Теплые слова, приветливые восклицания, умилявшие всех, кто их слышал, сопутствовали Абишу до самого входа в Большую юрту.
И вот уже уселись все на торе, Абай внимательным взором окинул лицо сына, спросил:
- Что-то ты похудел, Абиш. Здоров ли?
И тотчас подхватил Кокпай:
- Может, знания в этом городе дают хорошие, а вот еду, видимо, неважную! Вон, высох весь, как жердь!
Отец начал расспрашивать Абиша про учебу в Петербурге. Оказалось, он поступил в Михайловское артиллерийское училище не по доброй воле, но ввиду вынужденных обстоятельств. Он хотел учиться в Политехническом институте, однако не получилось. И Абиш, улыбнувшись, напомнил отцу строки его стихов:
- Учись, мой сынок, - завет мой таков -
Для блага народа, не для чинов... -
Ага, я не забыл эти ваши слова! Конечно, хотелось в политехнический, но в прошлом и нынешнем году возможности такой не было... Придется некоторое время поучиться в этом училище. Закончу его - буду думать о дальнейшем образовании.

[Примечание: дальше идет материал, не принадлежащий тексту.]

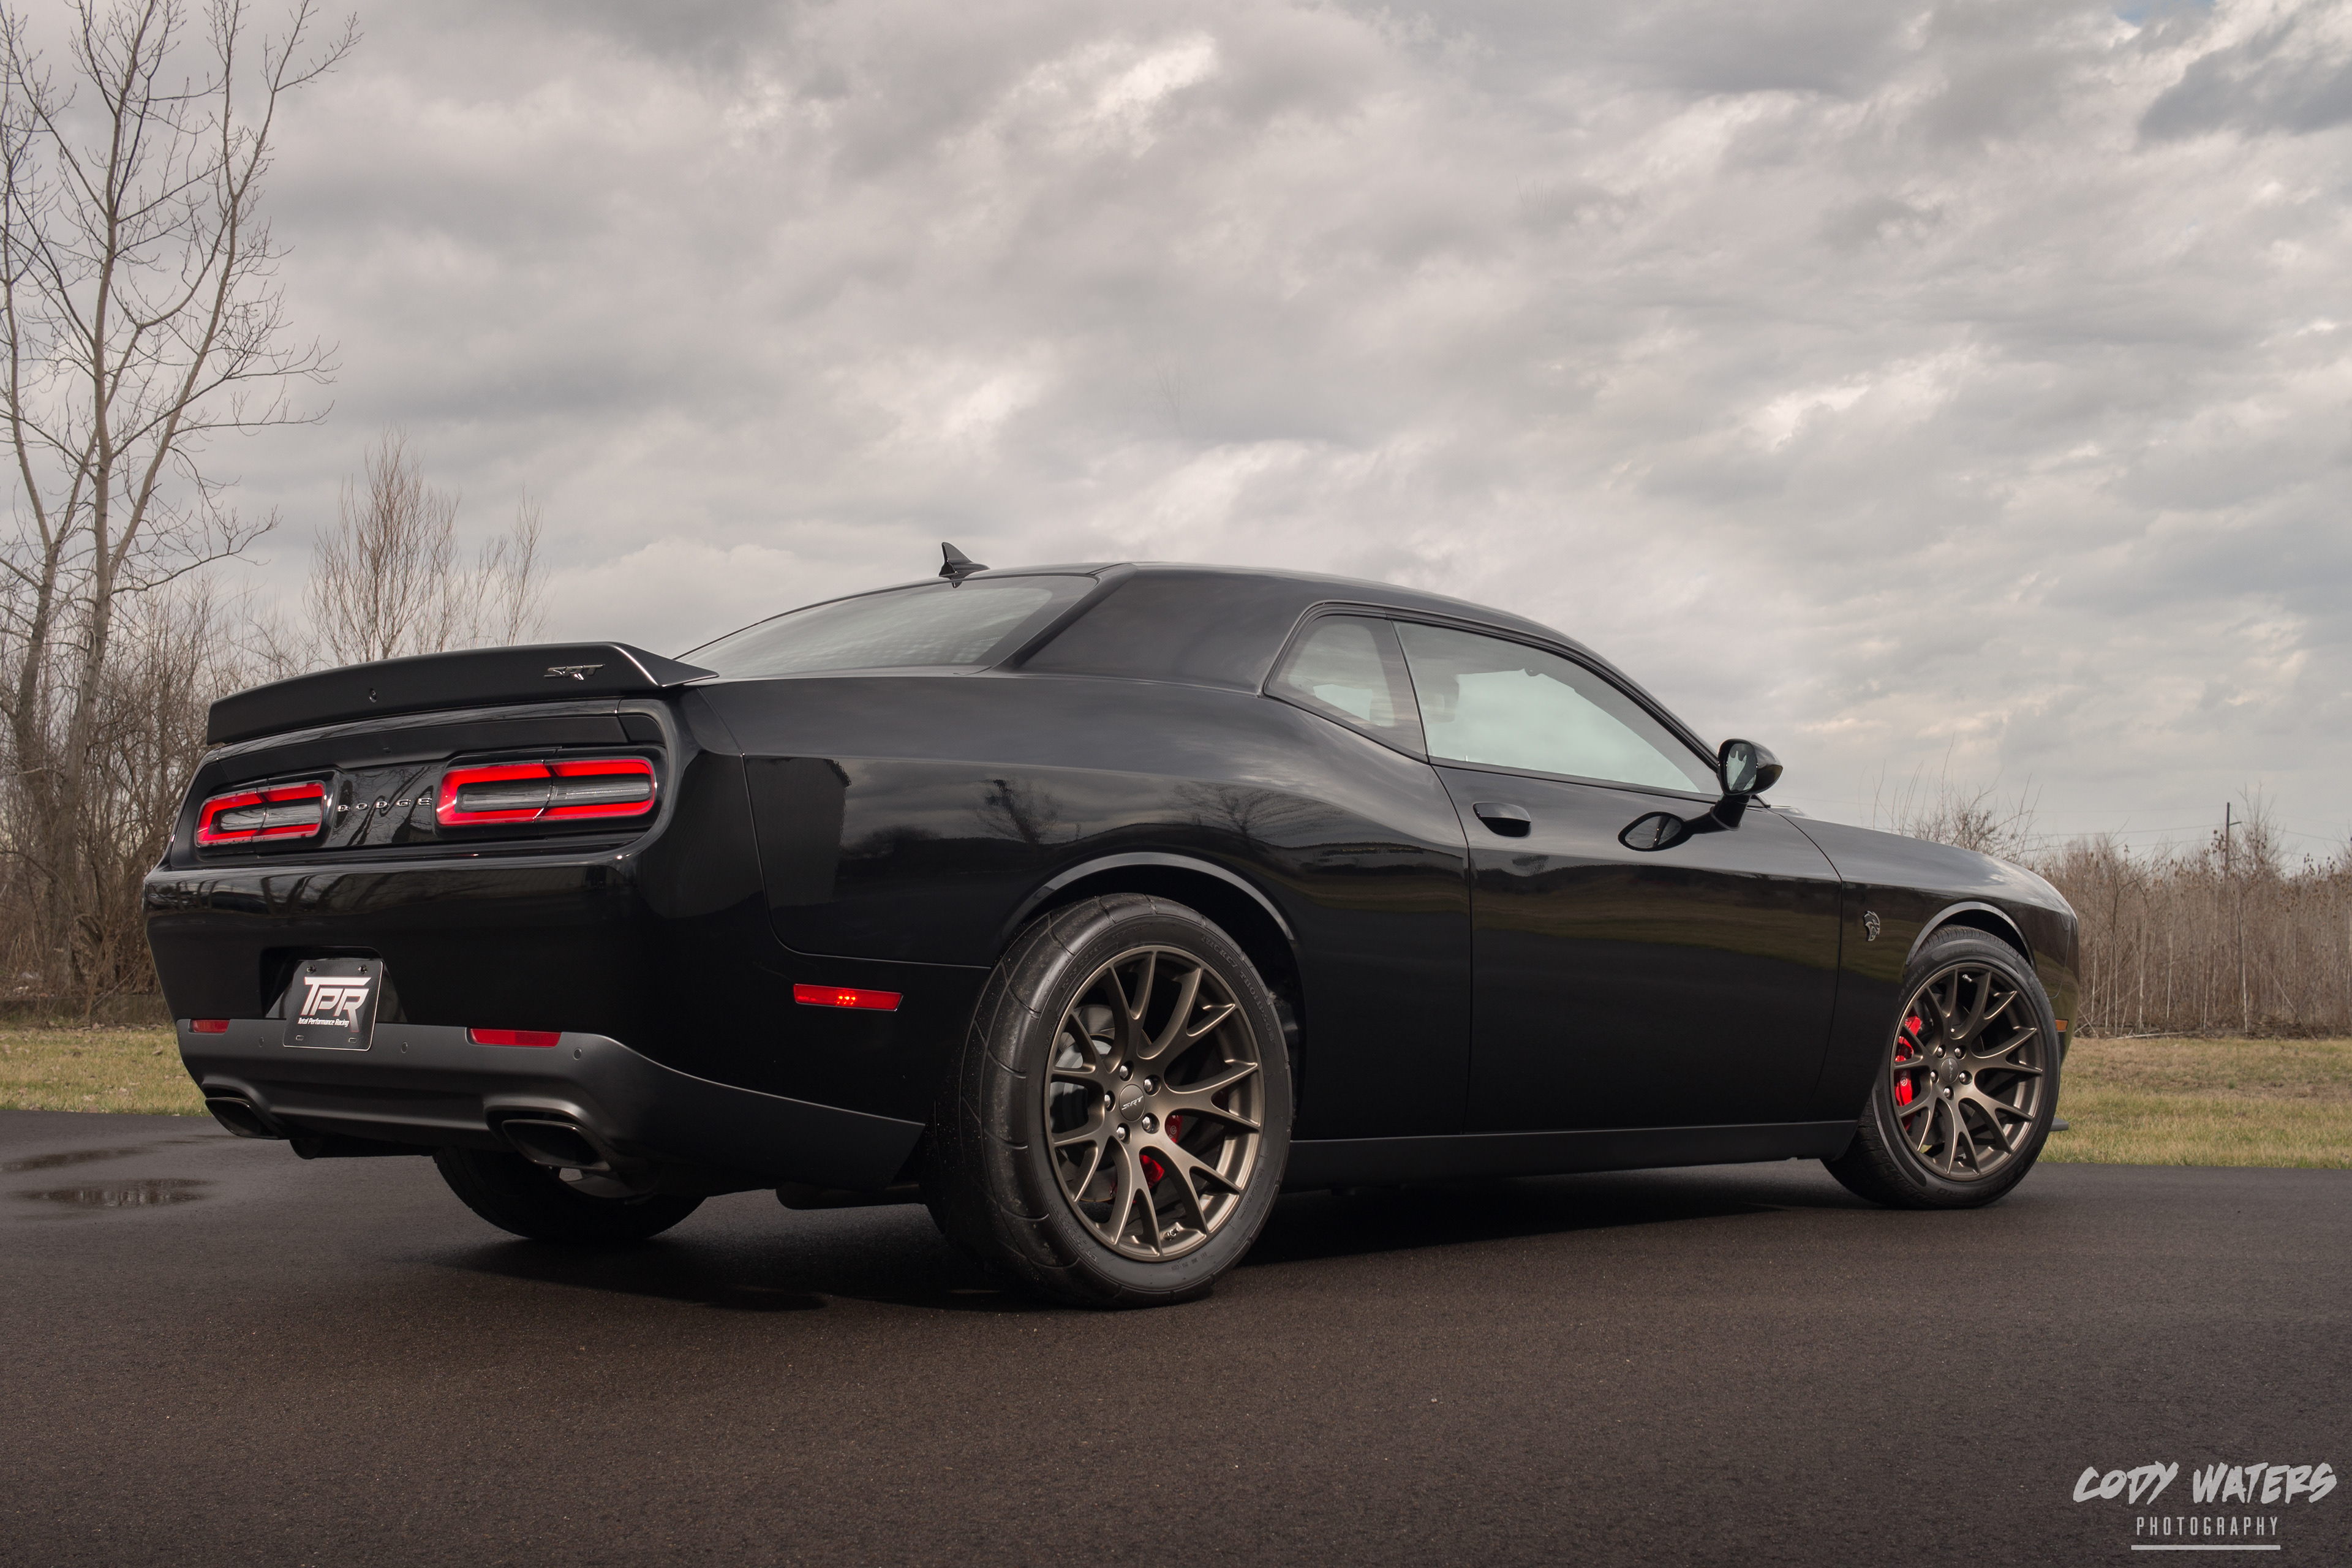 2018 Dodge Challenger >> Cody Waters | Automotive Photographer - 2016 Dodge Challenger Hellcat

Чуткий Абай не стал выяснять подробности, он молвил спокойно:
- Науки плохой нет. Для таких как мы, жаждущих знаний, любая наука бесценна, как золото. Свет мой ясный, ты только учись, набирайся знаний, а родители твои слова не скажут против, веря, что любые науки пойдут тебе на пользу. Нам одинаково будет дорого, сынок, кем бы ты ни стал - офицером, инженером, адвокатом. Лишь бы это пошло на благо твоего народа, у которого немало и трудностей, и печалей, и забот. Желаю тебе
только одного: здоровья, сил, чтобы ты сумел достигнуть своих целей!
Он снова привлек к себе Абдрахмана, и долго держал у груди, обняв его одной рукою.
Дом наполнился людьми, внесли угощенья. За дастарханом, как водится, начались всякие разговоры про разное. Ненароком Абай вспомнил своего семипалатинского русского друга Павлова, о котором перед отправкой в город наказывал Магавье: пусть привезет его с собой.
- Абиш, почему не приехал Федор Иванович? - спросил Абай. - Что ему помешало? Ведь говорил же мне, что приедет с тобой к нам.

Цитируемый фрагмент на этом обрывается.